We believe that agreement about the unique role of (pre-school-grade 12) schools in a democratic society will lead to greater understanding about the purposes and nature of schooling. That, in turn, we hope will result in a renewed commitment to quality for all people.
In 1776, when our founding fathers signed the Declaration of Independence, they began a grand social experiment in democracy. Never before had such a large and diverse group attempted to govern itself through democratic means.
Within a few short years, they had gained independence from the British crown and written our remarkable Constitution. Though we have the longest living constitution and democracy in the world, the original experiment is far from complete.
In 1992, William Greider, a journalist and author, wrote:
"American democracy is in much deeper trouble than most people wish to acknowledge. ... The substantive meaning of self-government has been hollowed out. What exists behind the formal shell is a systemic breakdown of the shared civic values we call democracy."
Too few people are taking responsibility for active participation as citizens.
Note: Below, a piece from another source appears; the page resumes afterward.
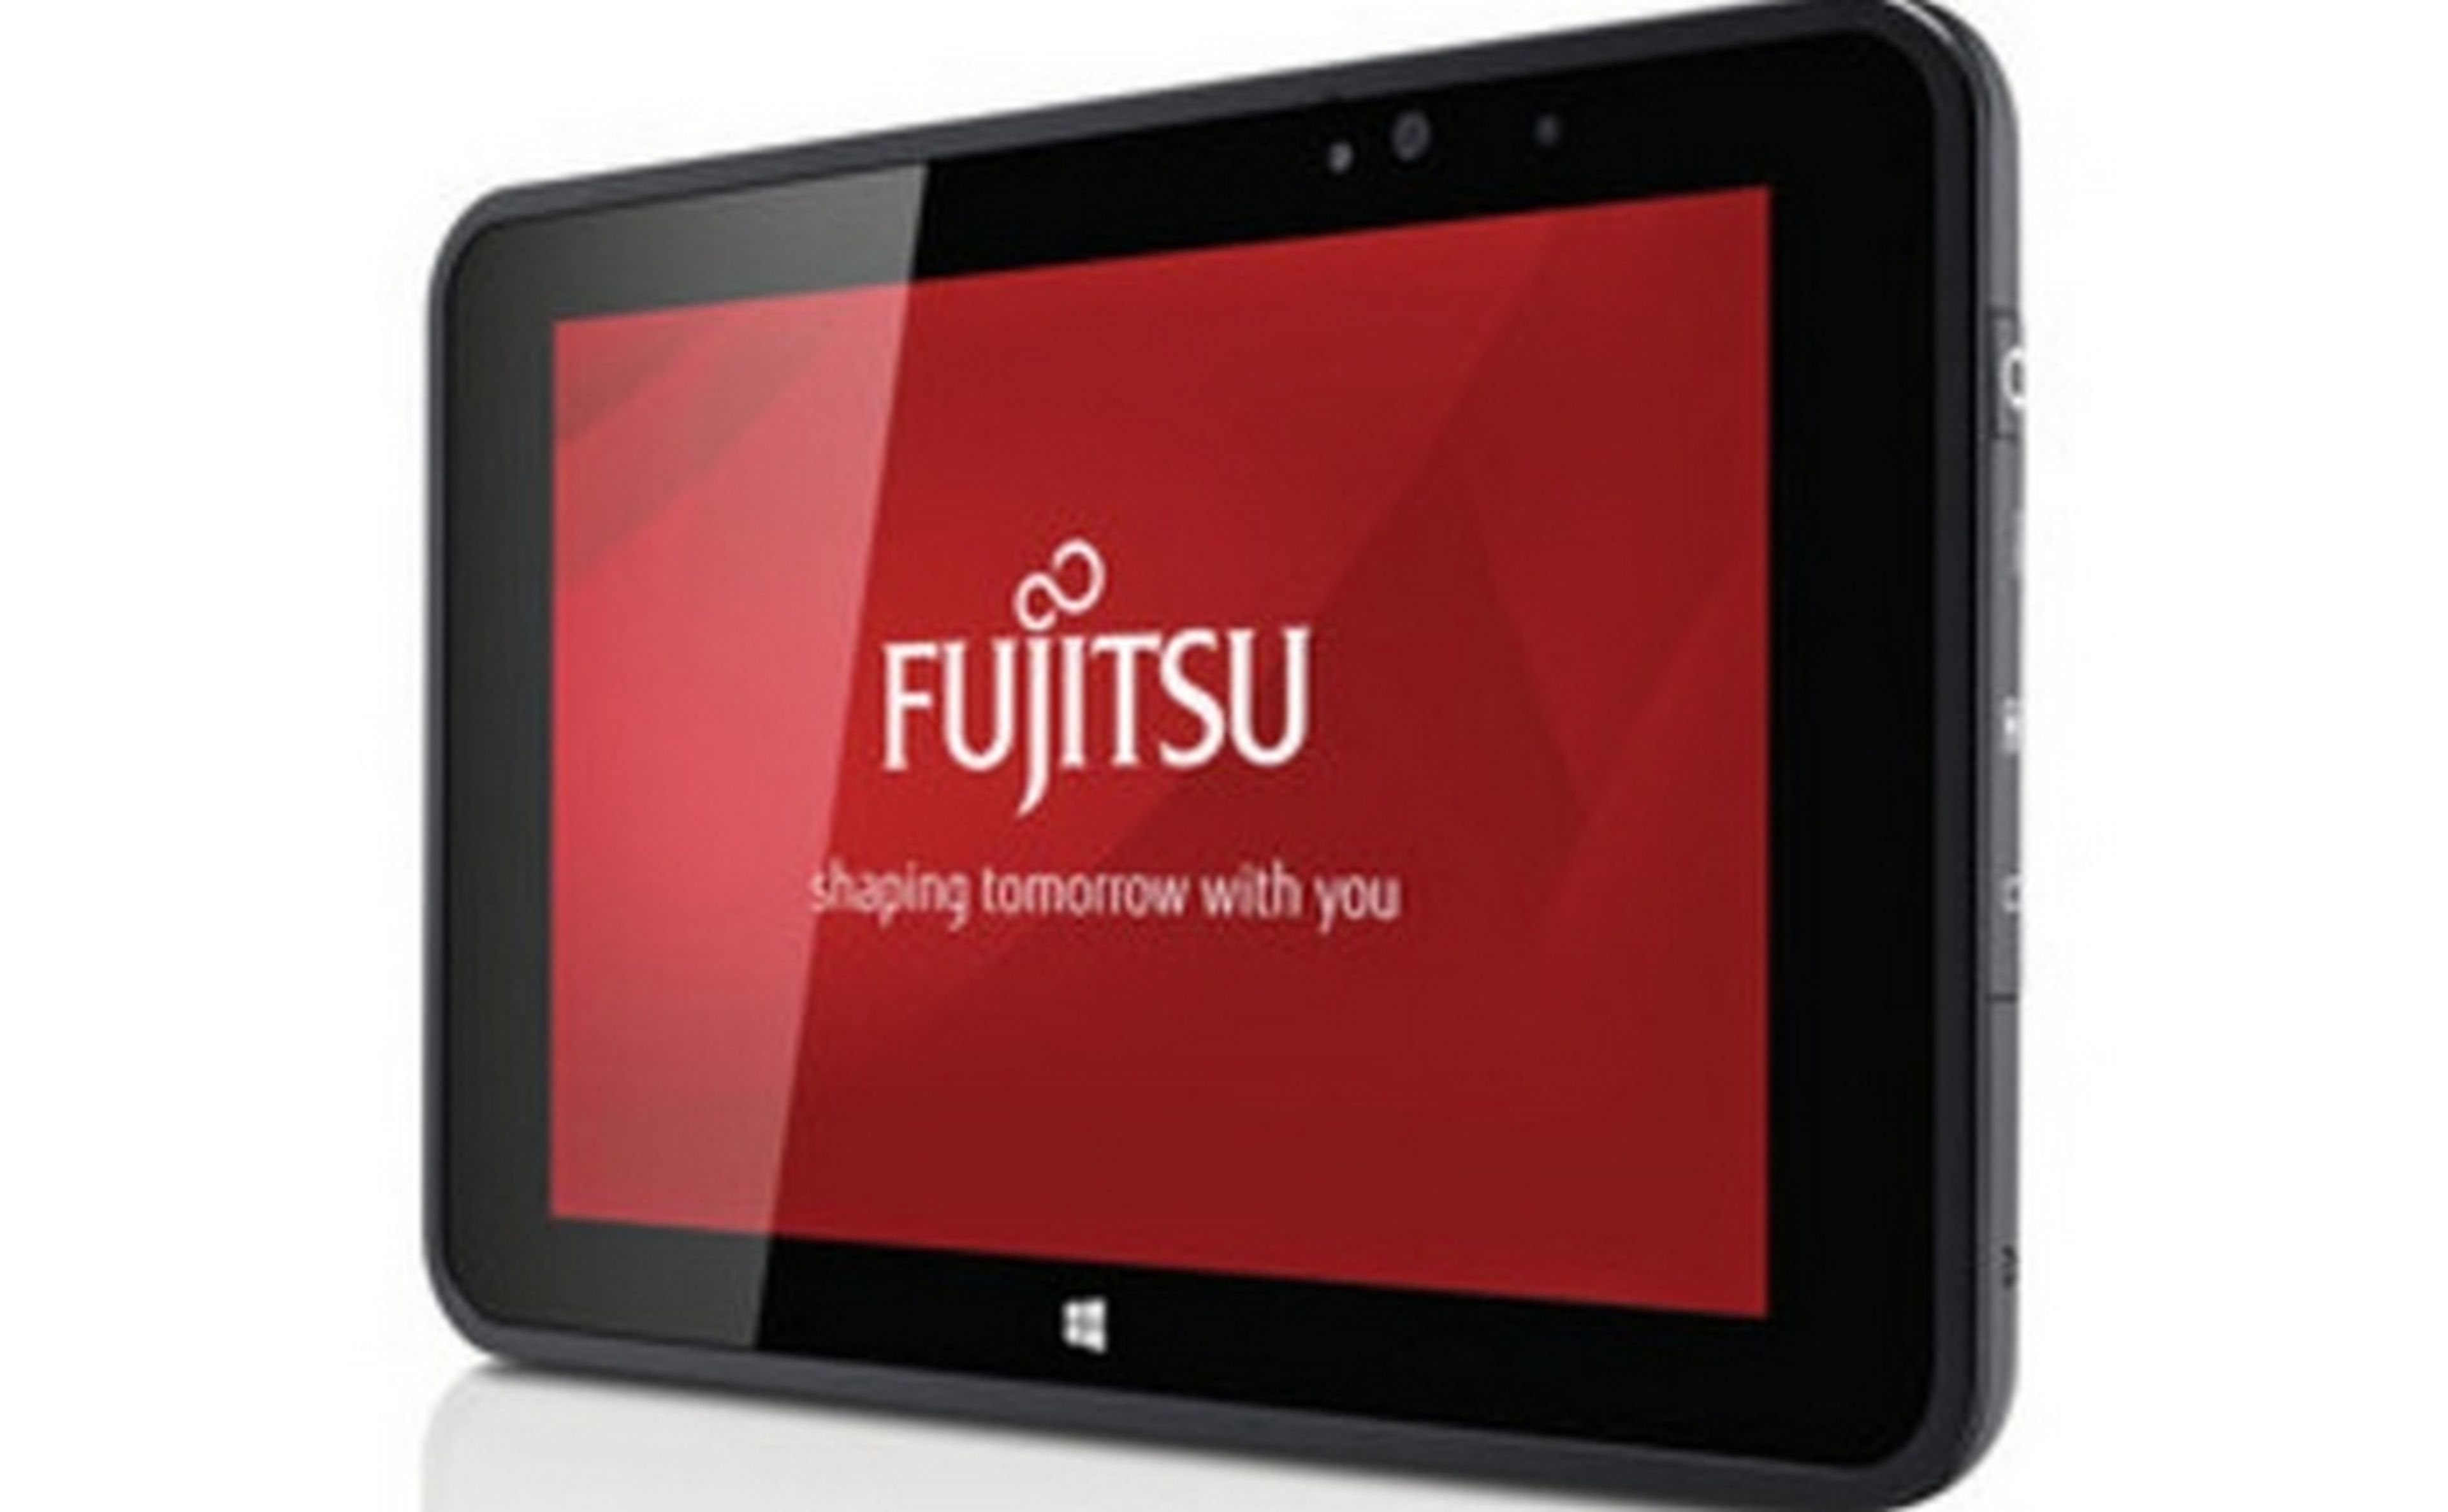 Fujitsu MWC 2015

The world is far more complex today than it was in 1776. Greater diversity, information overload, and a new kind of economy combine to create new challenges (and opportunities) for democracy. We must be able and willing to make the necessary adjustments if democracy is to survive.
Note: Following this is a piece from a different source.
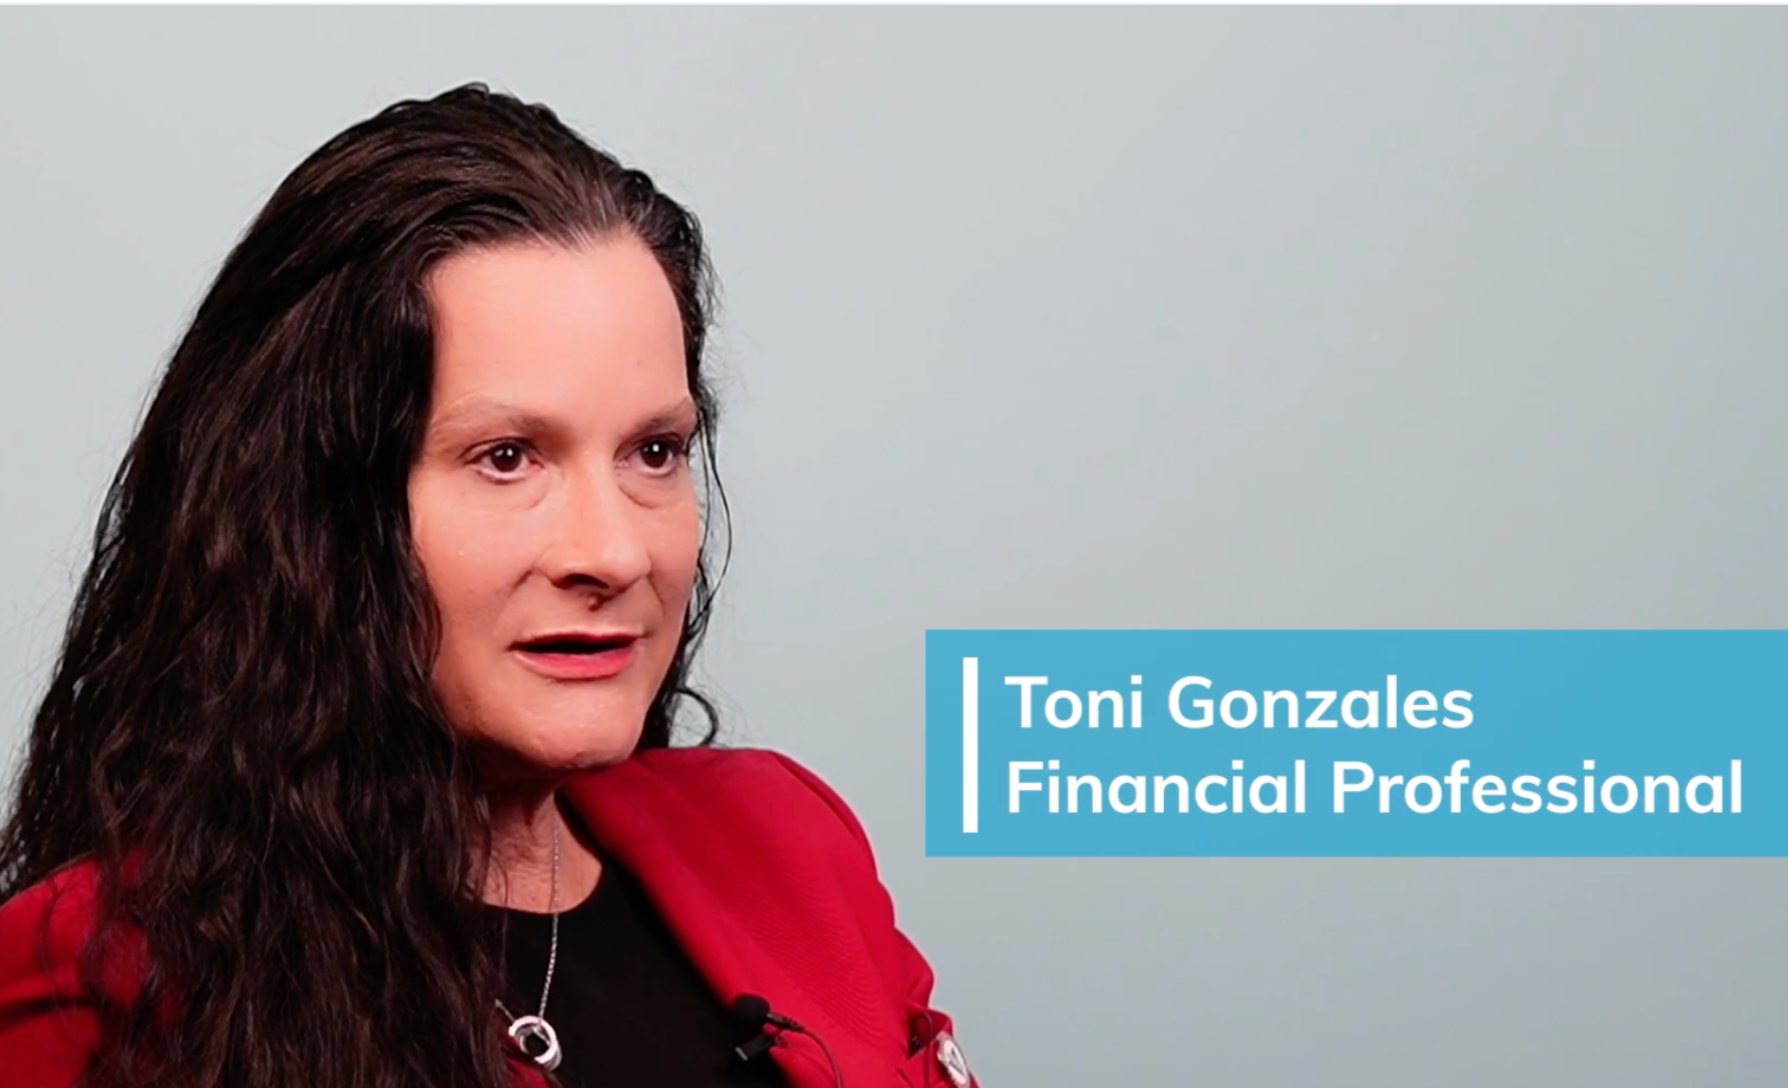 ToniGonzales_FinancialProfessional

We must continue the struggle to identify and attend to the "shared civic values" to which Greider refers: values such as optimism, free speech and the other individual freedoms protected by the Bill of Rights, shared beliefs such as giving people a second chance, social mobility through education and individual duty to one's community.
Our experiment in democracy includes an experiment in education. Early leaders such as John Adams and Thomas Jefferson were convinced that education for all citizens was essential if they were to have the capacity to govern themselves.
Public education exists in part to provide equity of opportunity in our society. Sheldon Hackney, chairman of the National Endowment for the Humanities, writes that equity of opportunity "justifies" economic inequality, but economic inequality erodes democracy by not providing equal access to the political system.
Because democracy is the core value of our society, the political inequality produced by the unequal distribution of wealth is a serious and continuing tension in our system.
Hackney goes on to say that the tension between liberty and equality cannot be resolved. However, "by linking the two ideals, and allowing them to limit or attenuate each other, we have a civic ideal toward which we can constantly strive, producing eventually perhaps an optimum blend of mutual responsibility and individual responsibility that a wholesome community requires."
Democracies are ambitious, complex and fragile works in progress, and schools are the agencies best equipped to grow and nurture citizens for democracy.
Democracies can survive or thrive only if citizens are equipped with the knowledge, skills and dispositions necessary to sustain them. Moreover, if all citizens are to realize the American dream of life, liberty and the pursuit of happiness, we must prepare them for democratic citizenship.
Failure to do so will jeopardize the very freedoms that we claim as our democratic birthright.